At the time the 23 and 101 mJ cm2 time series were collected, the available timing reproducibility was less, and datasets were collected at a series of preset nominal time delays ranging from 150 to 1,300 fs that were then merged into large sets of about 150,000 indexed lattices for both fluences. These where then sorted according to the actual time delay of each image as determined by the timing tool of the beam line. Then, the data were split into smaller datasets by moving a window of 20,000 indexed lattices over the data for each fluence in steps of 10,000 indexed lattices. Thus, each of these datasets contain 20,000 indexed lattices, with an overlap of 10,000 indexed lattices between two consecutive time points. The timing distributions of these partial datasets have standard deviations of between 40 and 70 fs. In combination with the accuracy of the timing tool we estimate the true widths of these distributions to be approximately 100 fs. It should be noted that the overlap of the time delay distributions caused by this ‘binning’ of the 23 and 101 mJ cm2 data will result in a ‘smearing out’ of time-dependent effects.

The power titration data were collected during the same beam time as the 23 and 101 mJ cm2 data series, with the time delay set to nominally 10 ps. At this long time delay, the timing reproducibility of the beam line is of no concern and most heating effects have decayed. For the power titration, as many images were collected as was practical during the beam time, and the number of indexed lattices in each dataset varies.

Thus, while for the 23 and 101 mJ cm2 fluence time delay data, each dataset contains the same number of indexed lattices, whereas for the 5 mJ cm2 fluence time delay- and power titration data, there are different numbers of indexed lattices in each dataset. In serial crystallography, the precision of a dataset increases with the number of indexed lattices. However, this should not affect the magnitude of structural changes beyond measurement error levels52, and indeed, we observed no correlation of structural changes with the number of indexed lattices for the 5 cm2 time delay data or the power titration data. Data statistics are given in Supplementary Table 1.

In each case, every 11th pulse of the pump laser was blocked, so that a series of ten light activated and one dark diffraction pattern were collected in sequence. High-quality dark datasets were generated by merging all laser-off patterns as well as separately collected, dedicated laser-off runs.

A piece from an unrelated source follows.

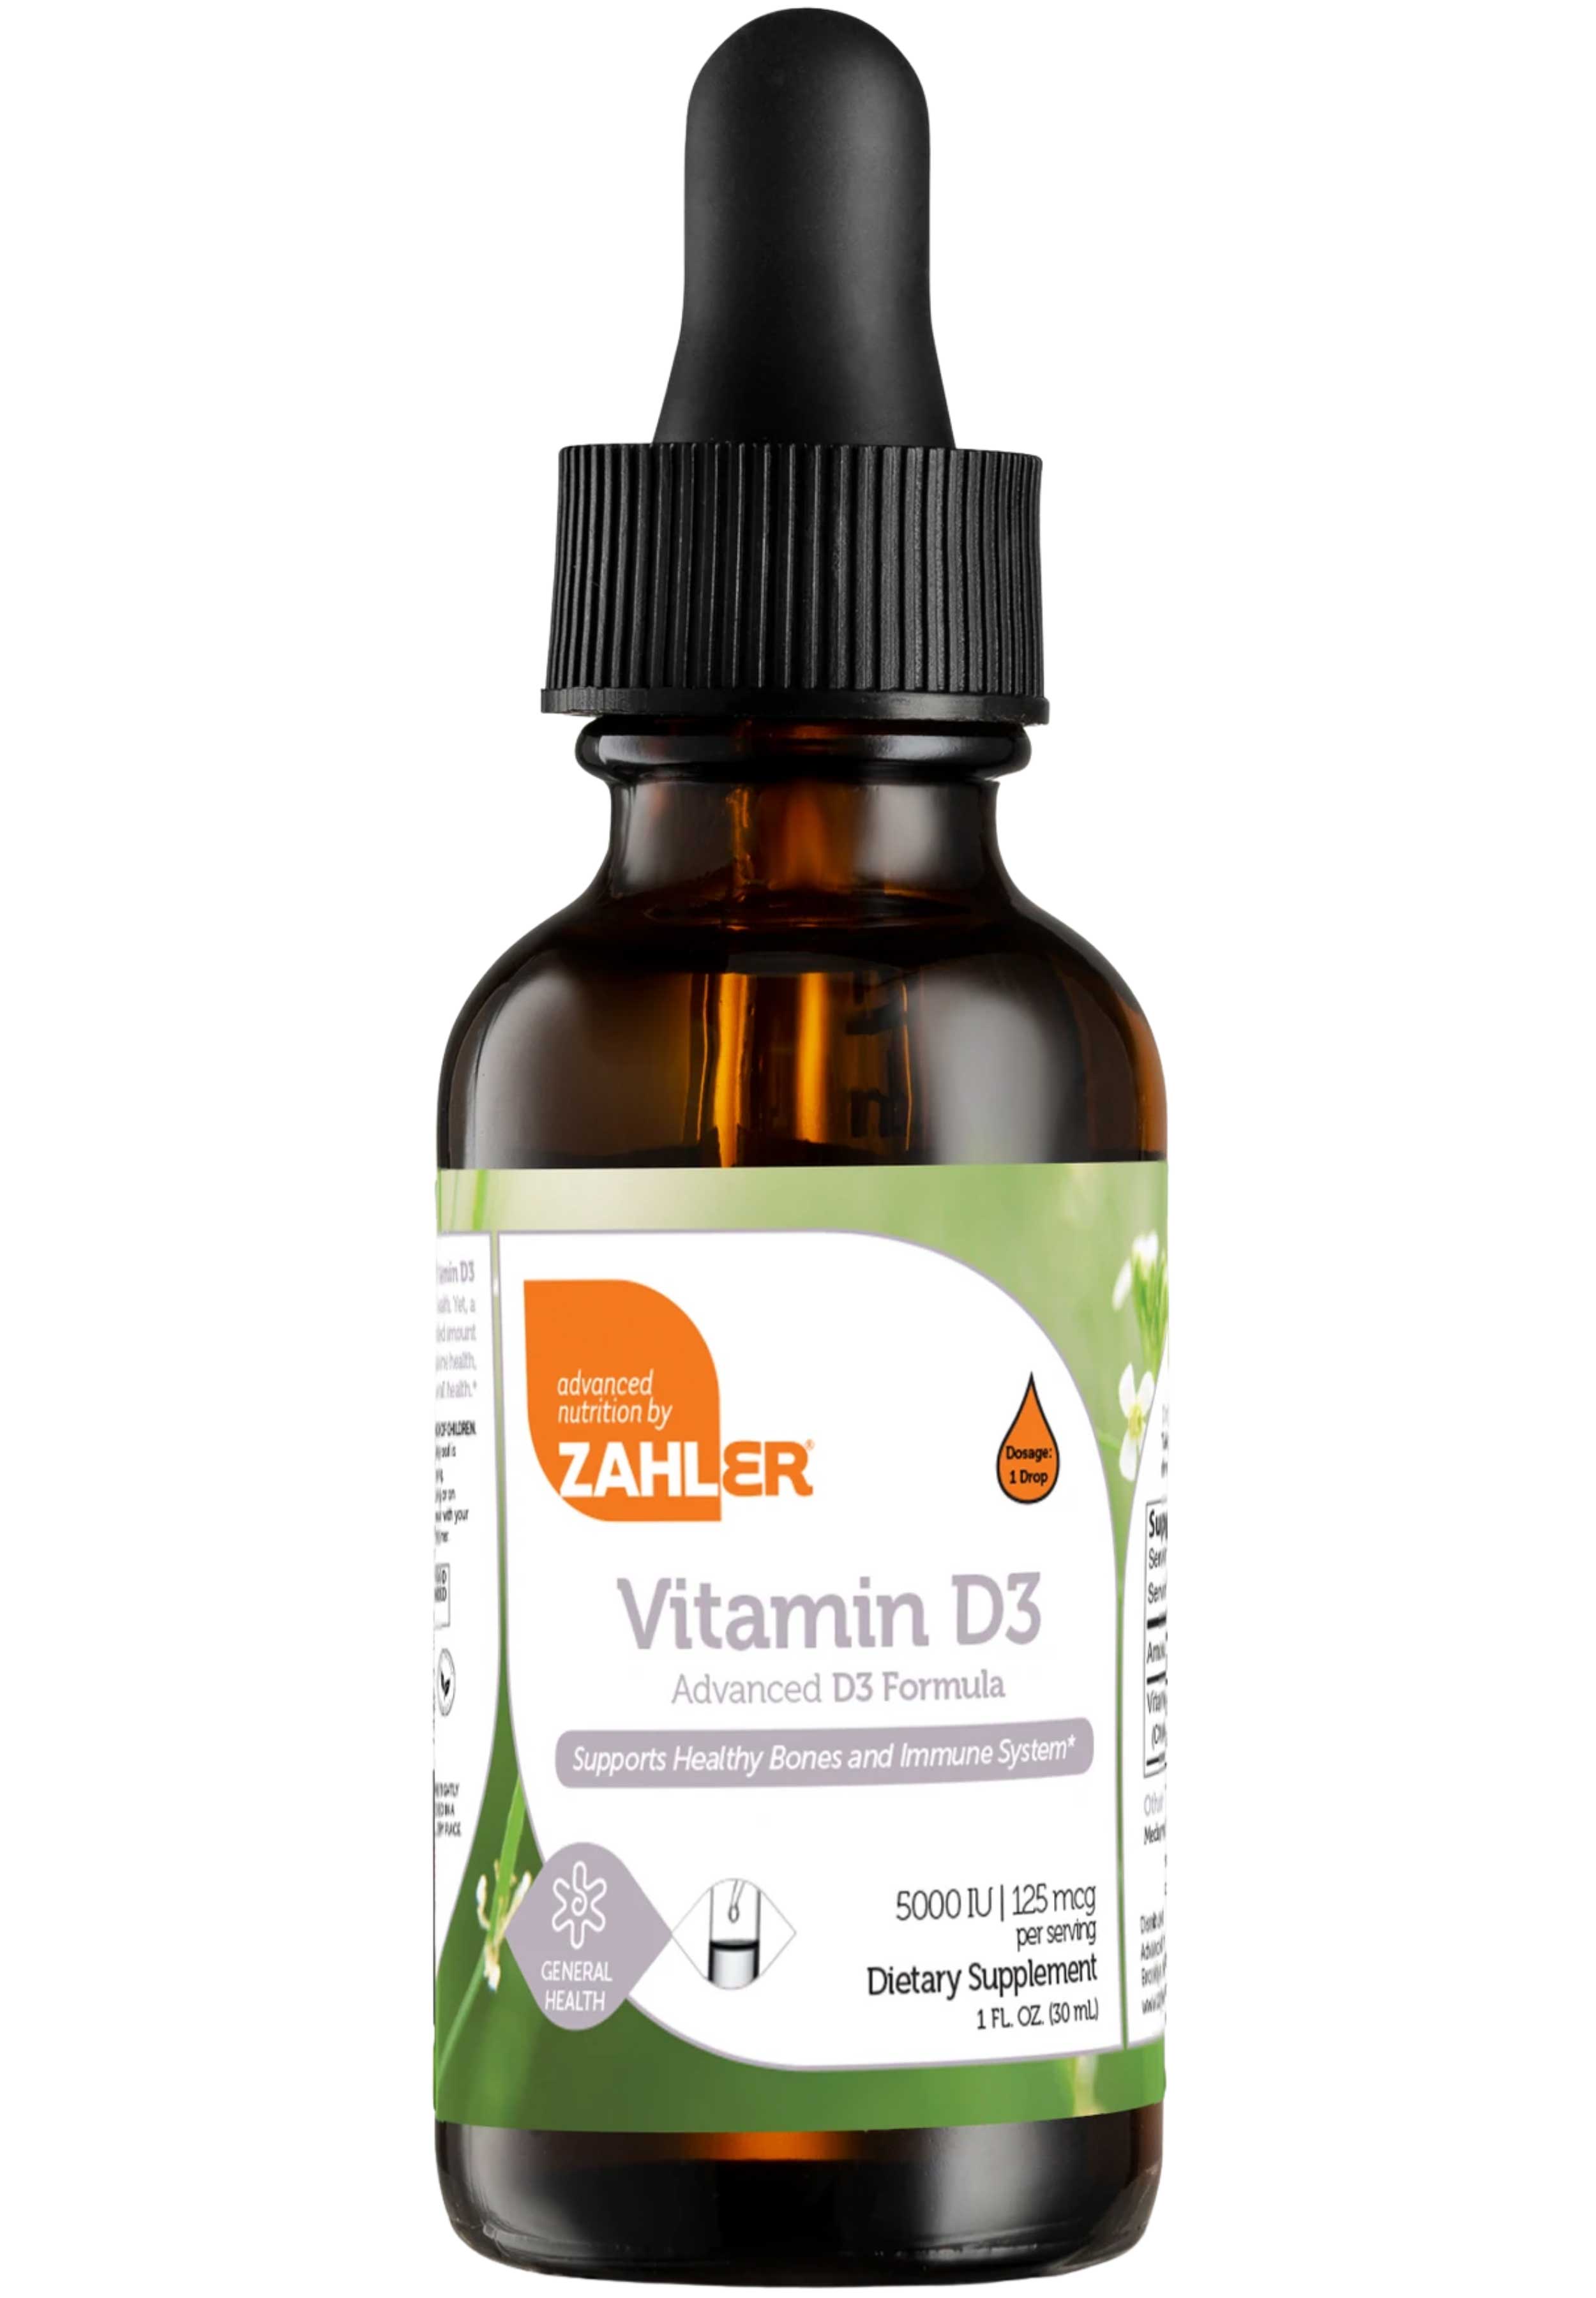 Advanced Nutrition By Zahler Vitamin D3 5000 IU

The latter were also used to confirm that the interleaved dark data in the light runs were indeed dark and not illuminated accidentally.

Diffraction data analysis

Diffraction data were processed using CrystFEL 0.8.0 (ref. 53); Bragg peaks were identified using the peakfinder8 algorithm and indexing was performed using XGANDALF54, DIRAX55, XDS56 and MOSFLM55,57. Monte-Carlo integration58,59 was used to obtain structure factor amplitudes. To calculate light-dark difference electron density maps, light data were scaled to the dark data using SCALEIT60 from the CCP4 suite61 using Wilson scaling. We investigated the use of different low- and high-resolution limits. Using a low-resolution limit of 30 Å worked for some datasets, but for others resulted in problems during light-dark scaling, likely due to differences in beam stop placement. However, we found that a low-resolution limit of 10.0 Å could be used for all datasets and this was therefore imposed for all calculations. Similarly, we found that a common high-resolution limit of 1.4 Å could be used for all photolysed structure determinations, which was implemented accordingly. The dark-state structures were refined against all available data.

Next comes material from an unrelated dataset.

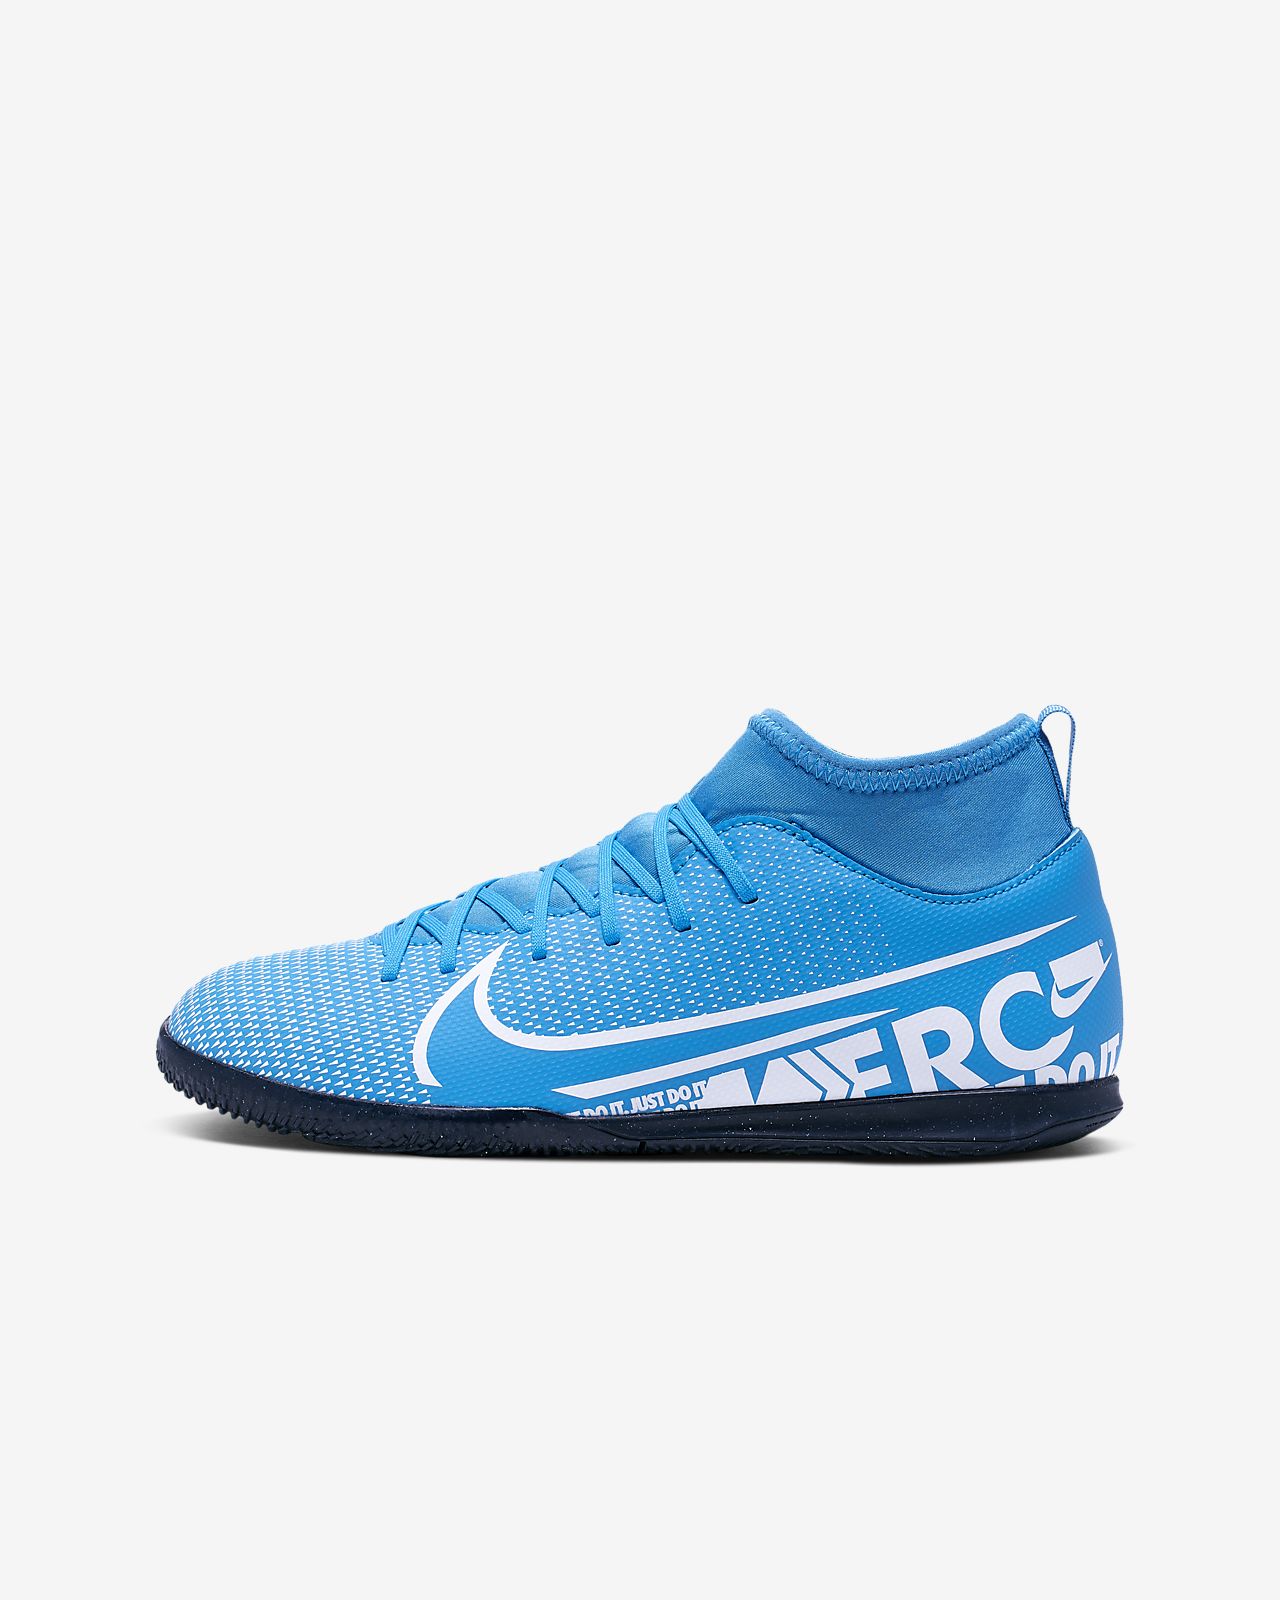 Nike Mercurial Superfly Blue Lagoon football boots Nike

Initially, occupancies of the photolysed state were determined by refining a model of the dark state without the CO ligand against the photolysed data and calculating mFo-DFc electron density maps using phases from a model. The heights of the peaks for the CO in the ground (dark) and photolysed CO* states were then used to calculate the occupancy \(f\) using:

$$f=\frac{{\rho }_{{\rm{C}}{\rm{O}}* }}{{\rho }_{{\rm{dark}}}+{\rho }_{{\rm{CO}}* }}$$

where \({\rho }_{{\rm{CO}}* }\) and \({\rho }_{{\rm{dark}}}\) are the peak heights for the CO*- and dark-state CO peaks, respectively. These occupancies are shown as the red line in Fig. 1.

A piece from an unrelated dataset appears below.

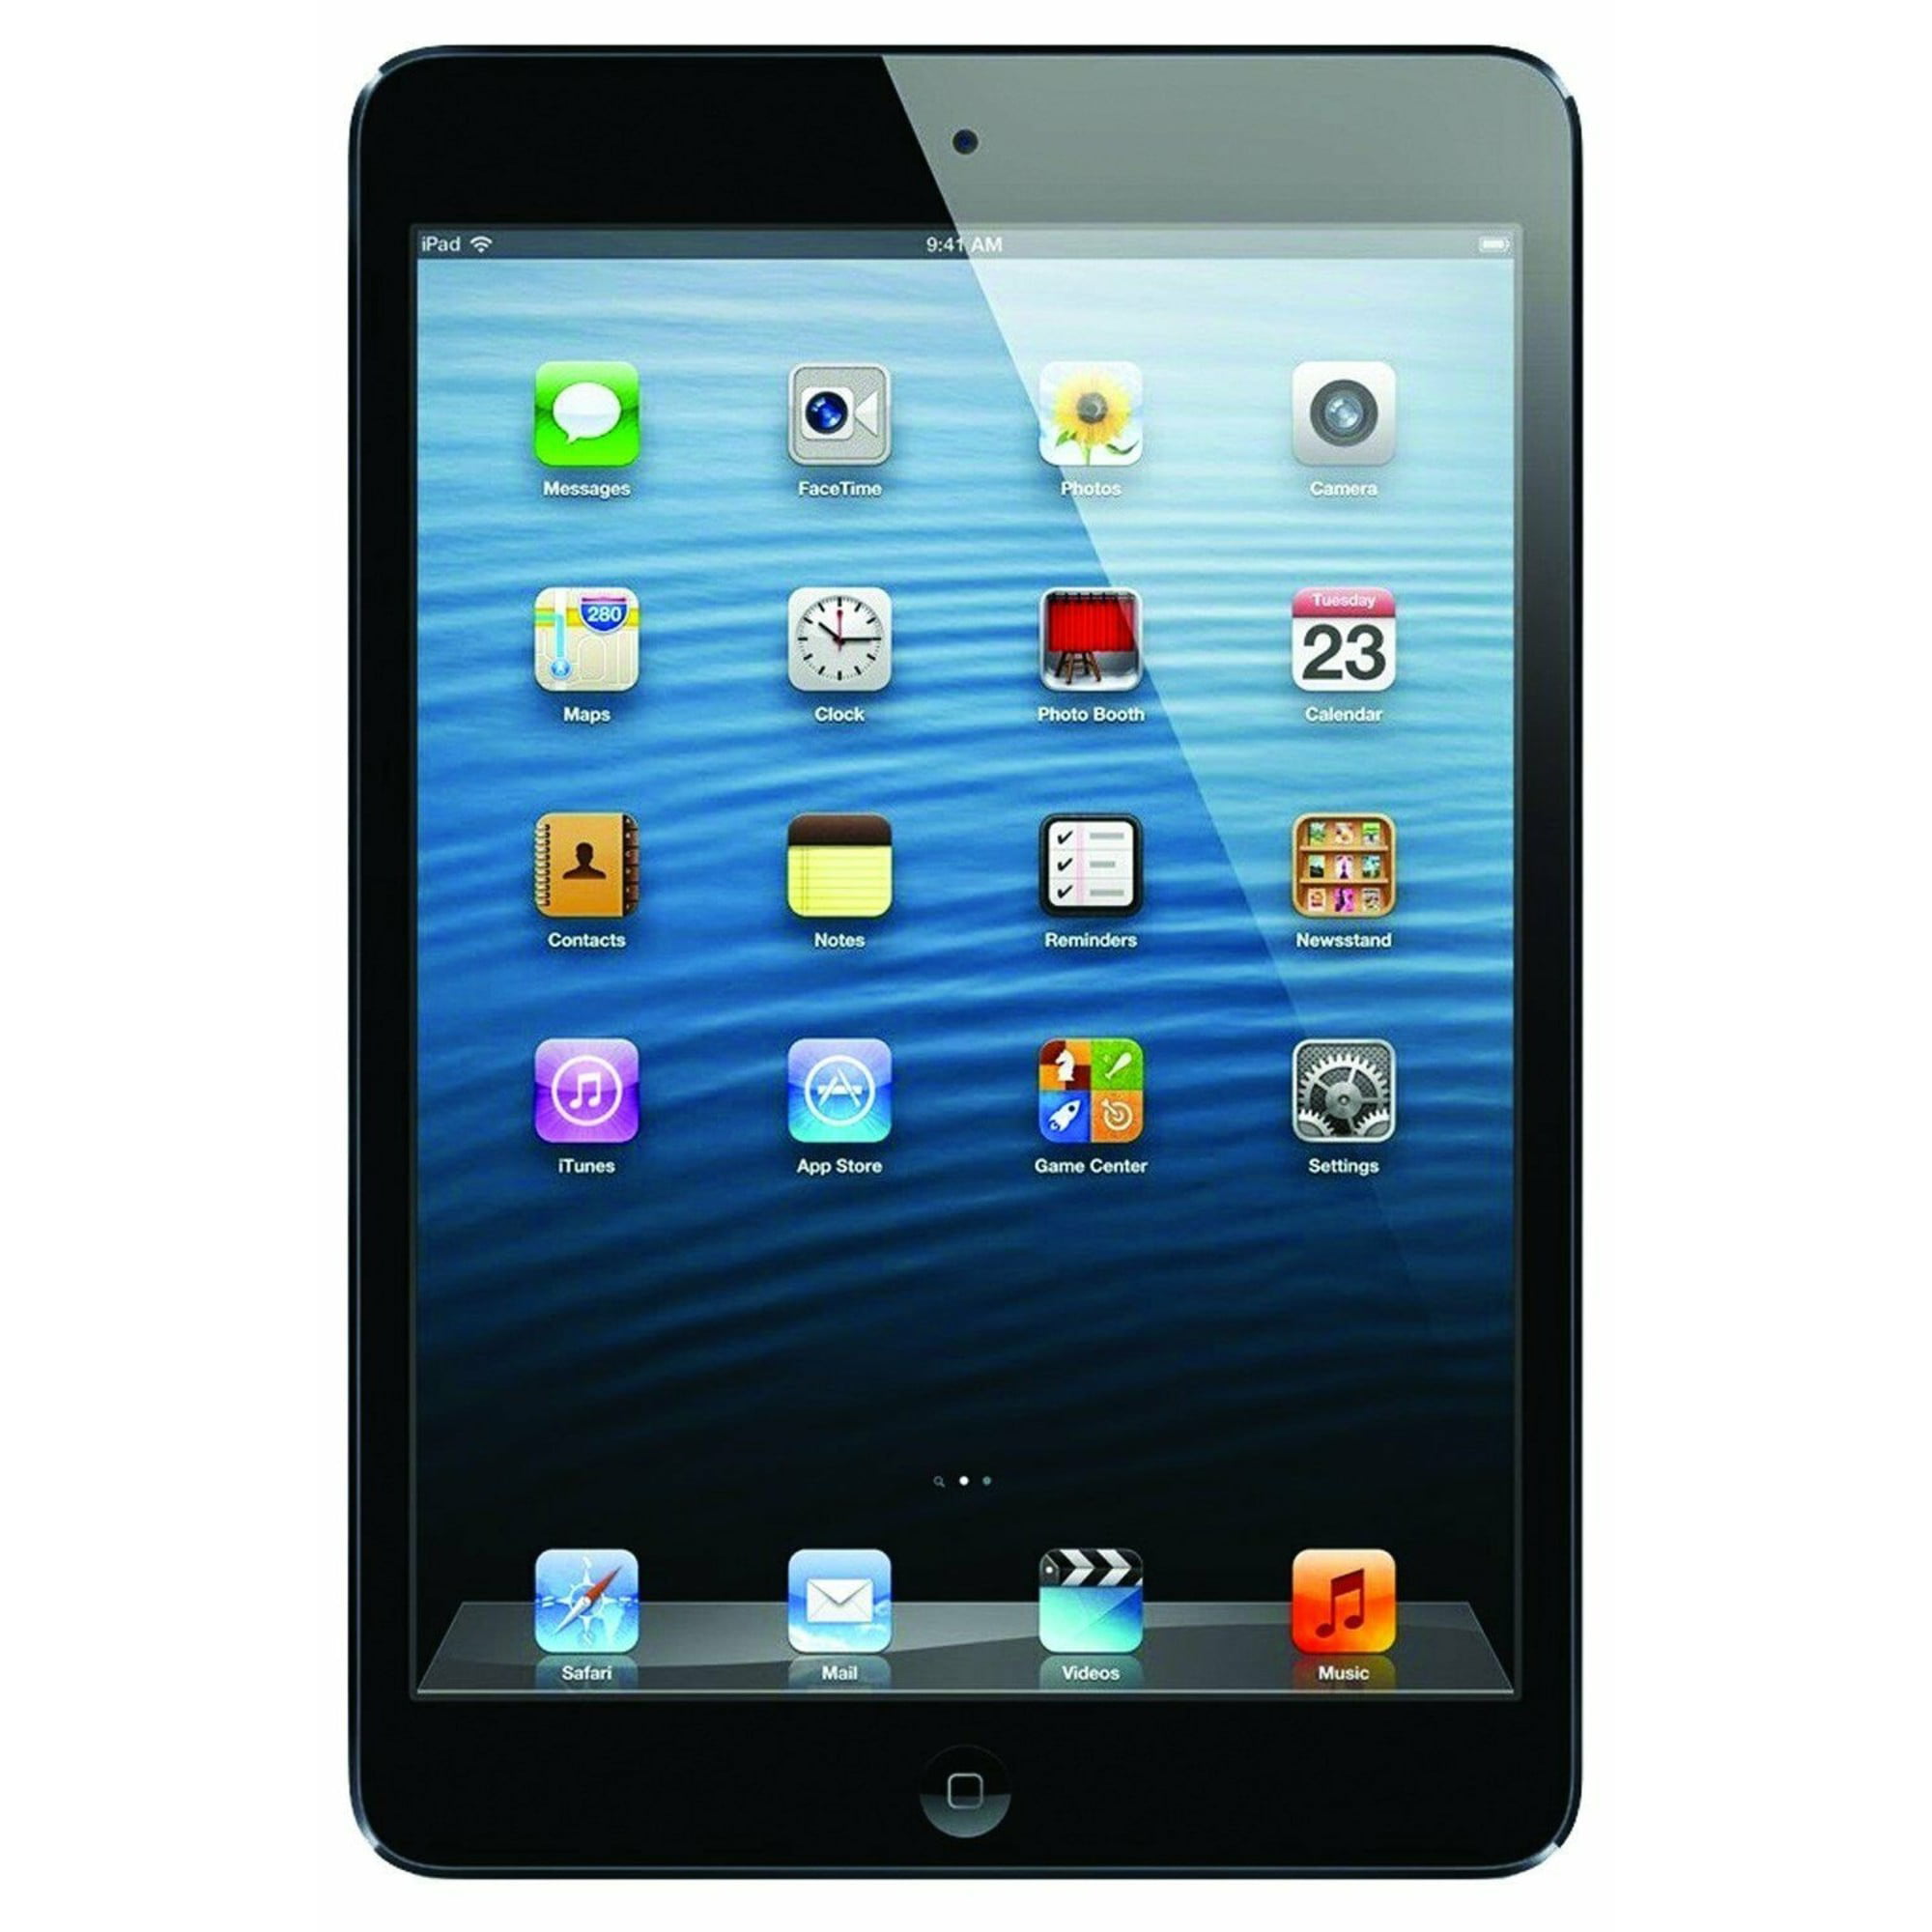 Apple iPad Mini 64GB WiFi Tablet w/ 5MP Camera - Gray (Refurbished

As is clear from the non-unity occupancies obtained, the structure factors originate from a mixture of the dark- and photolysed states. To obtain refined structures of the photolysed states, we considered refinement against extrapolated structure factors62,63 as well as multicopy refinement. In this latter method, a mixture of the dark and photolysed states is refined against the original structure factor amplitudes. As multicopy refinement performed better than structure factor extrapolation in simulations (Supplementary Note 1), we continued with the multicopy refinement method. The occupancies were determined using a multicopy refinement-based approach that results in values that are very similar to the ones obtained using mFo-DFc omit maps (Supplementary Note 1).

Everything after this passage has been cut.